Chicago ADAPT urged Pritzker to declare an emergency at long-term care facilities and use the National Guard to move residents to hotels and other locations where better social distancing is possible. The group also demanded the governor limit congregate settings to one person per living unit — essentially eliminating roommates — and ensure testing for all residents and staff.

The governor’s press secretary, Jordan Abudayyeh, said in a statement that Pritzker’s administration has “always listened to advocates who come to us with serious input for discussion on how to protect our most vulnerable residents.”

“But moving medically fragile people from their homes and placing them into hotels entirely unequipped to care for them, is not something public health experts endorse. Instead, the administration has worked to scale up testing at our congregate facilities, provide PPE to employees, and train them in infection control and best practices. Families are free to move their loved ones home if they see fit,” Abudayyeh said.

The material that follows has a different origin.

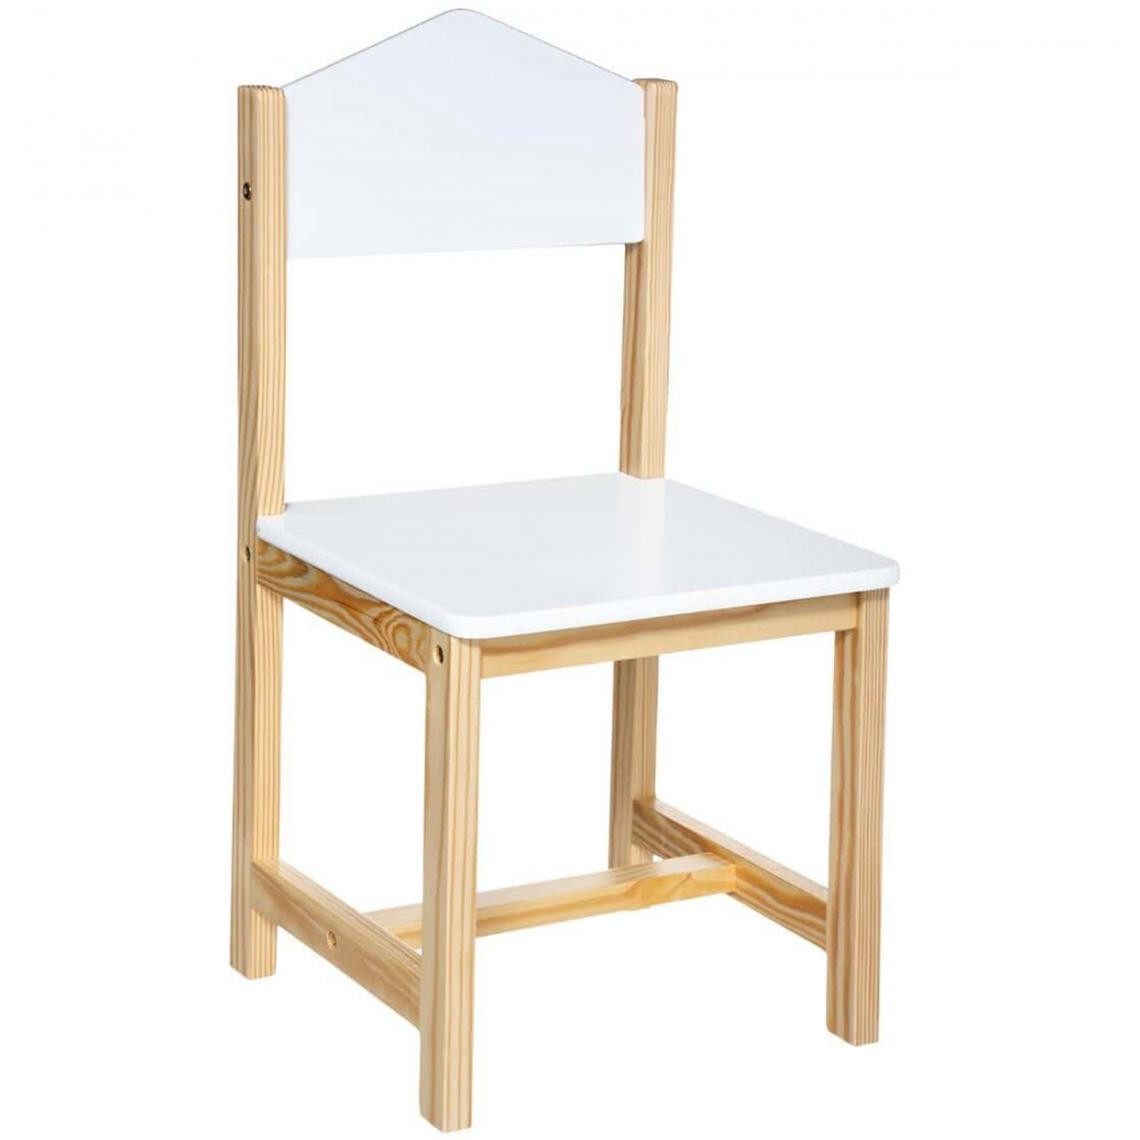 Pegane - Chaise enfant coloris blanc/naturel - Longueur 28,5 x Profondeur 29 x Hauteur 59 cm - Chaises

Despite large increases in cases and deaths this week, the spread at long-term care facilities appears to have slowed, with 822 fewer cases and 60 fewer deaths reported in the past week than the previous one-week period.

The most new cases reported this week, 78, came at Symphony of South Shore, which now has 155 cases and 19 deaths.

Meadowbrook Manor of Bolingbrook reported the most deaths in the past week, with 12 new fatalities, now up to 38 in all — the most of any home in the state.

The facility with the most confirmed cases remains Ludeman Developmental Center in Park Forest, where 268 people have tested positive and six have died.